Роман про Зулейху как специально просится для иллюстрации. Гузель Яхина (до сих пор, по крайней мере) написала лишь одну книгу, которая множественным залпом поразила все мыслимые цели литературного мира: лауреатство "Ясной Поляны", "Большой книги" и "Книги года", переводы на кучу языков, переговоры об экранизации. Как такое могло случиться? А именно так. Историям о жизни татарской женщины и о раскулачивании, и о возможности счастья в аду нужно было воплотиться, а выбрали они ее.

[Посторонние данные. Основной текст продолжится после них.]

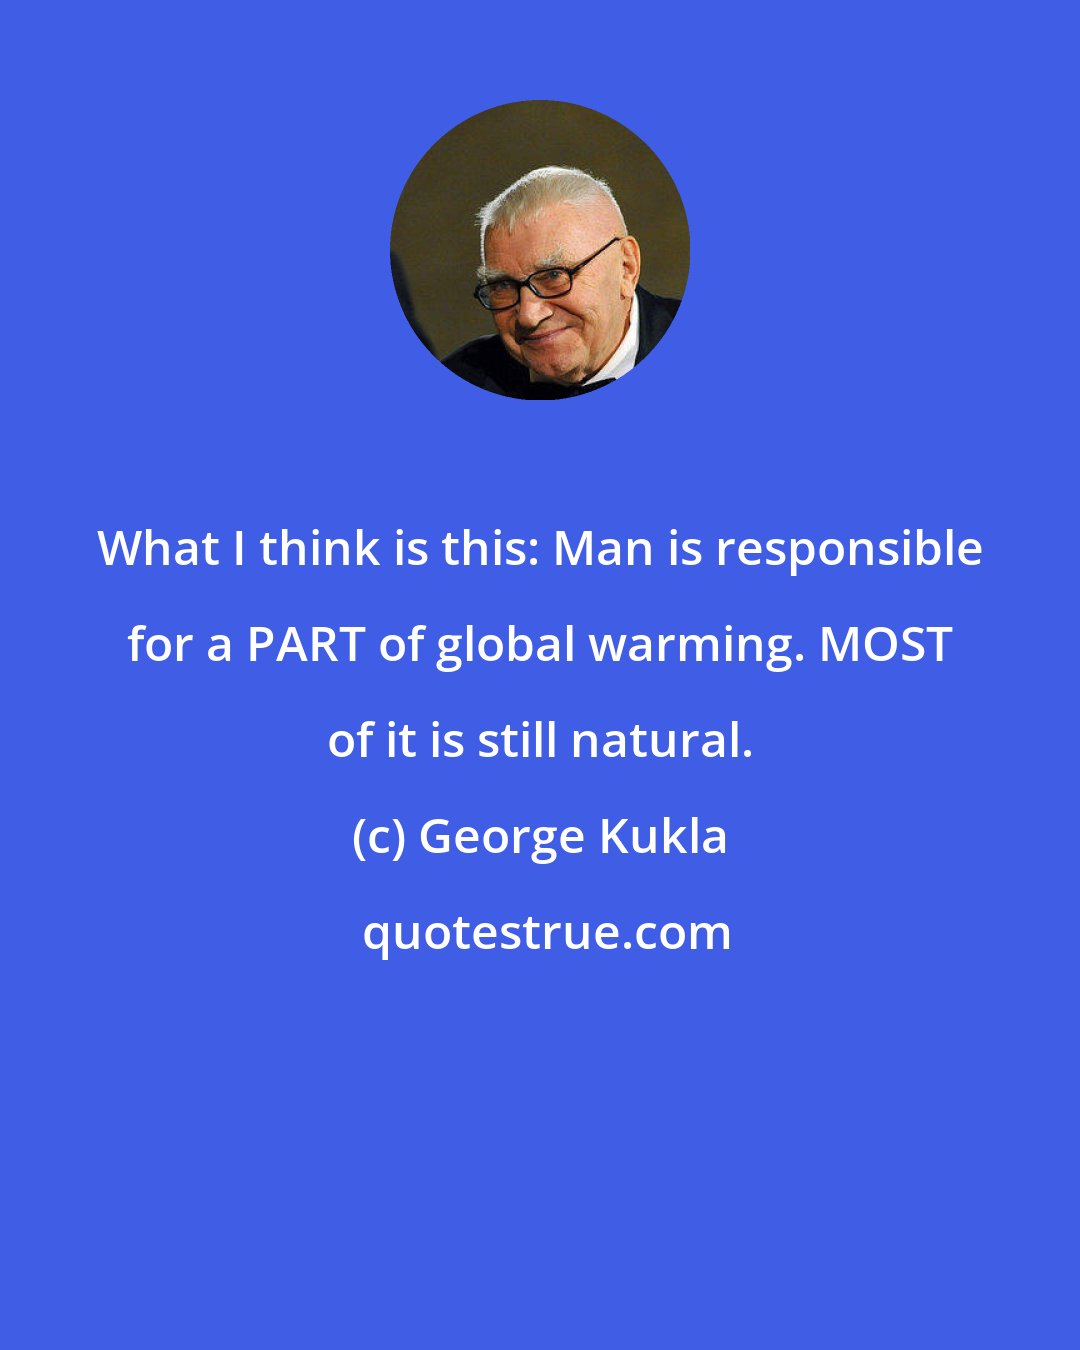 George Kukla: What I think is this: Man is responsible for a PART of global warming. MOST of it is still natural.

Гузель Шамилевна говорит во многих интервью о том, что начальный импульс рассказать историю раскулаченных пришел в детстве, когда она слушала рассказы бабушки о жизни на поселении - та прошла этим путем, будучи семилетней девочкой. И не потерялась в дальнейшей жизни, несмотря на такой незавидный старт: жила в Казани, преподавала, дом был полной чашей с хозяйственным укладом, умеющим обеспечить семье некоторую продовольственную независимость в жившей по карточкам столице Советской Татарии; но и со множеством книг. Внучка внимательно слушала рассказы, история уже тогда билась пеплом Клааса в ее грудь.

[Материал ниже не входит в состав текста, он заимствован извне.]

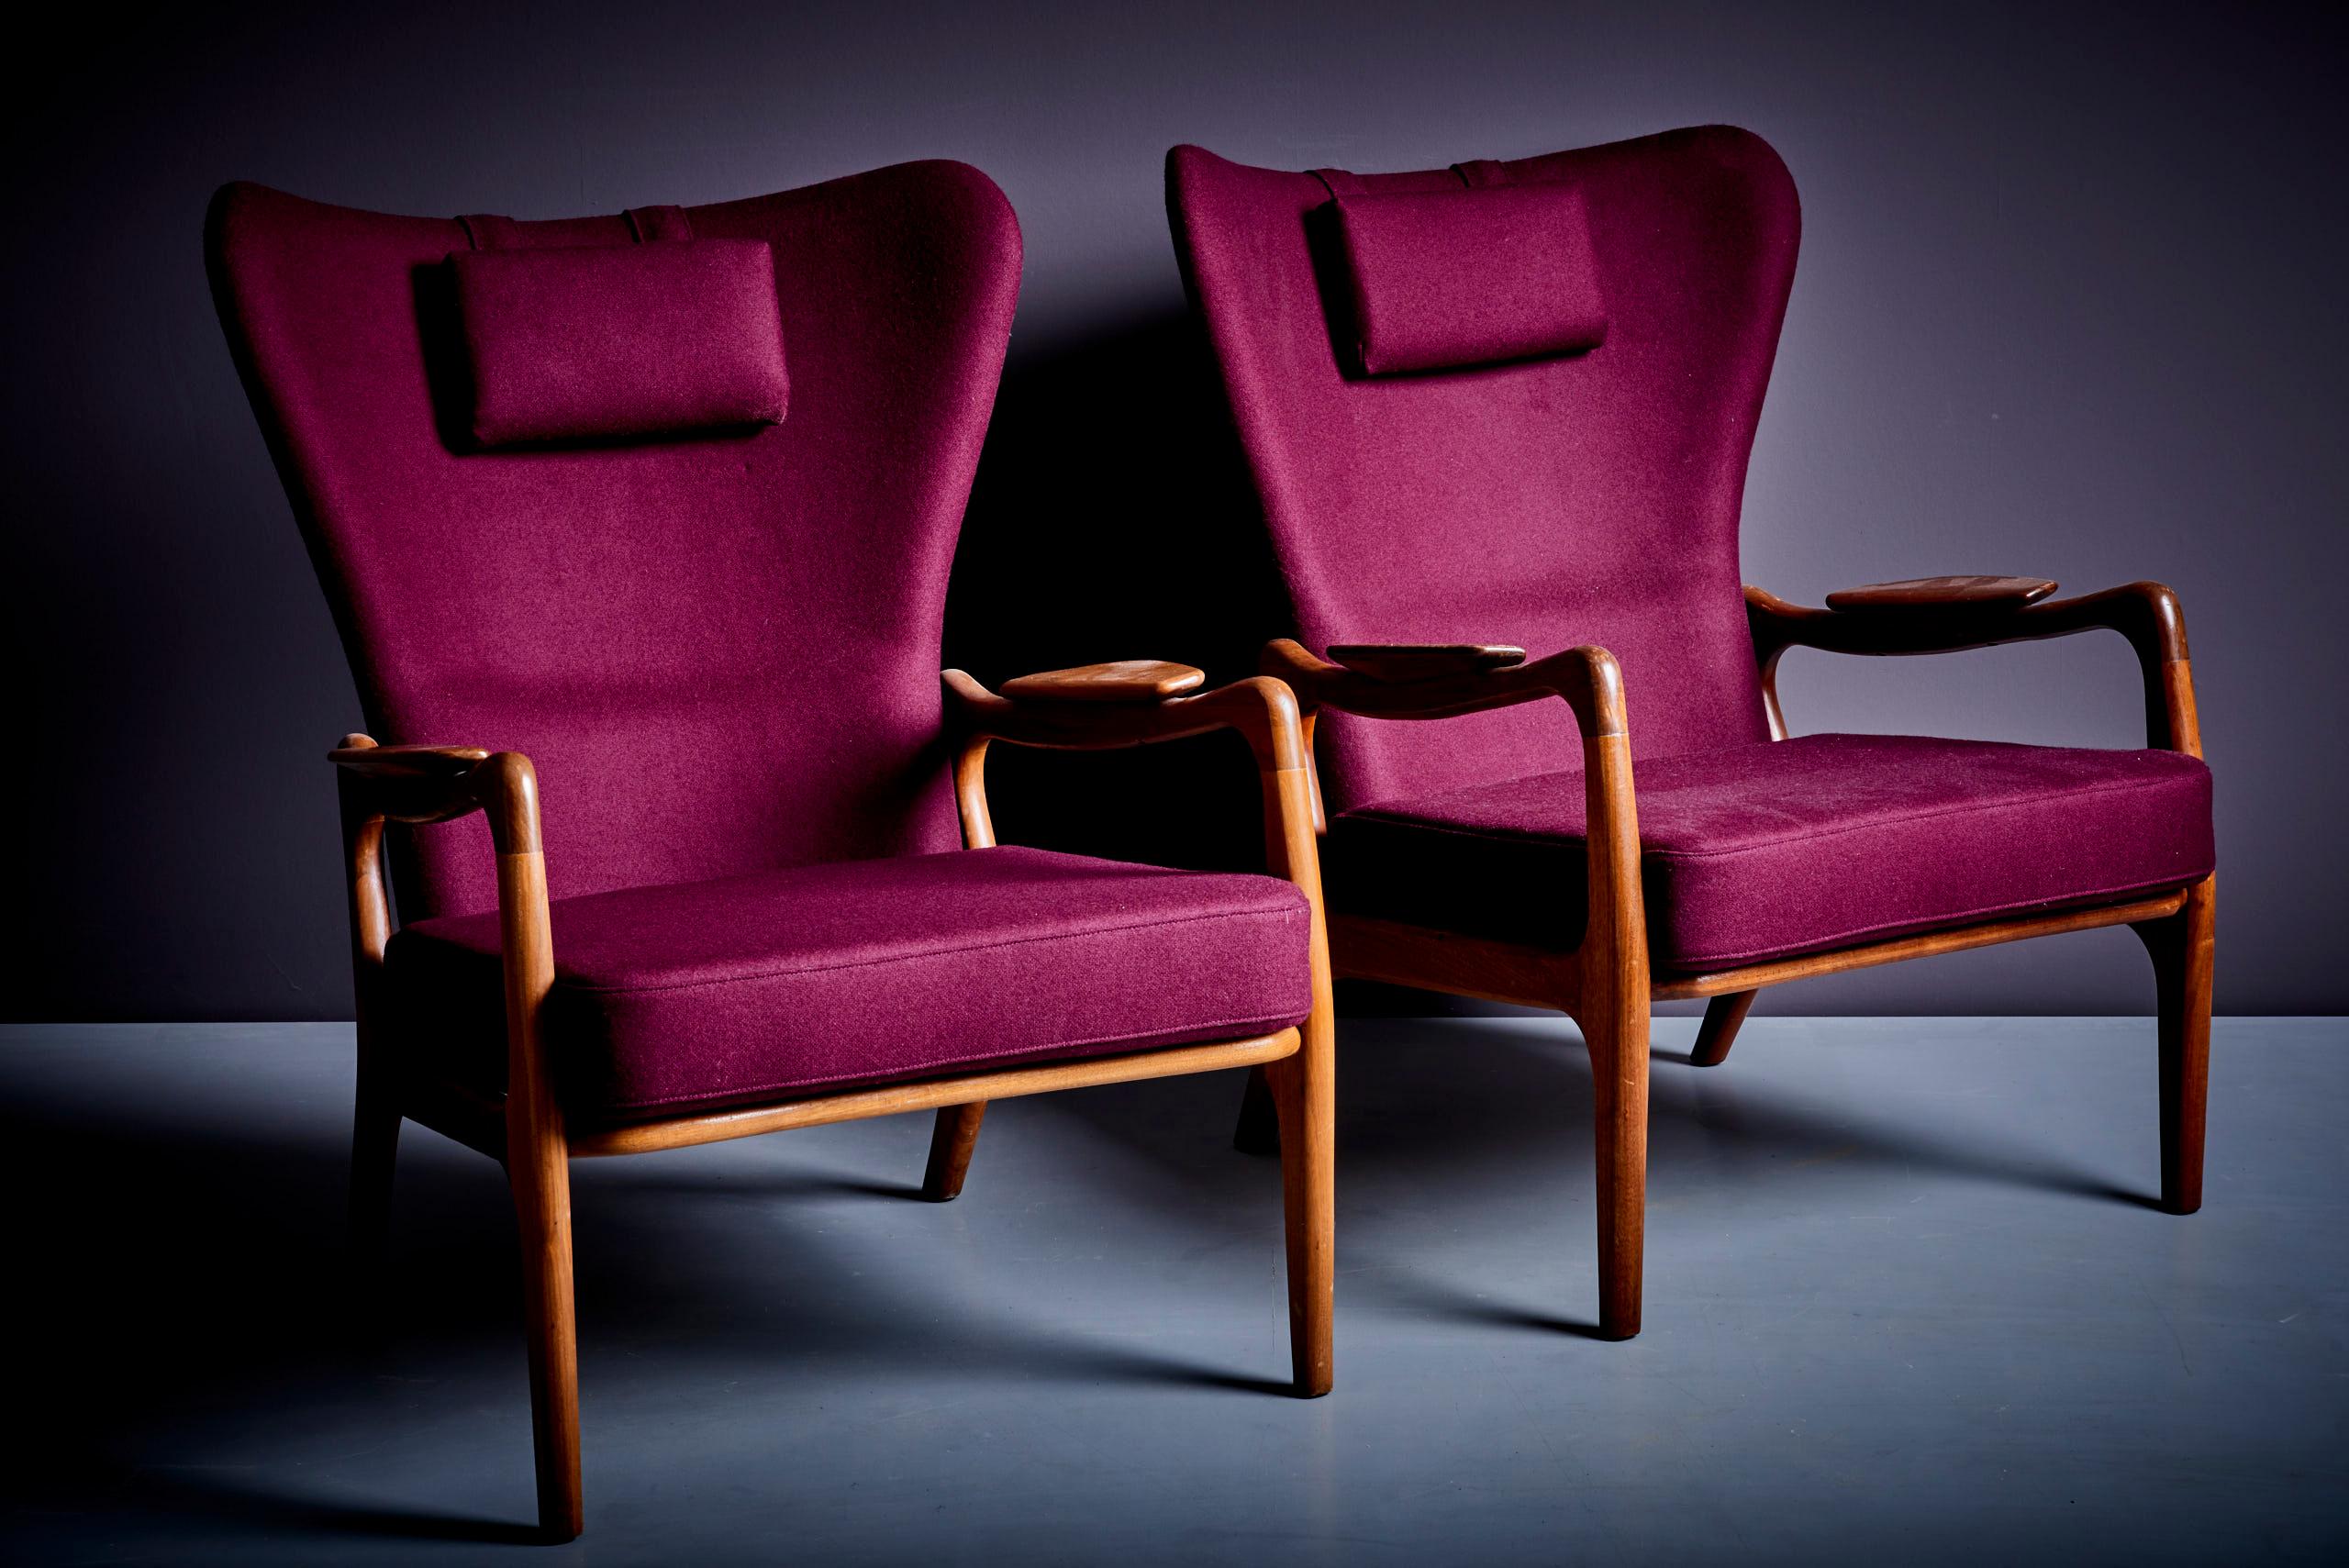 Newly Restored Pair of Plum Adrian Pearsall High Back Wing Lounge Chair 1950s For Sale 8

Однако татарским женщинам, кроме страстного покорного собственничества в любви (неоднократно воспетого русскими писателями), свойственна еще и глубинная рациональность - просто особенность менталитета. Прежде накорми и вырасти свою птицу (журавль или синица - время покажет), дай встать на крыло, а уж после и полетаешь с ней вместе, если будет на то воля Аллаха. И она носила в себе эту историю, закончив ИнЯз, работая в сфере маркетинга в немецкой фирме - девяносто девять из ста скажут: Чего еще хотеть? Девяносто девяти не бьется в грудь, а ей билось и она поступает в Московскую школу кино. В основе та же рациональность: хочешь, чтобы получилось хорошо - учись.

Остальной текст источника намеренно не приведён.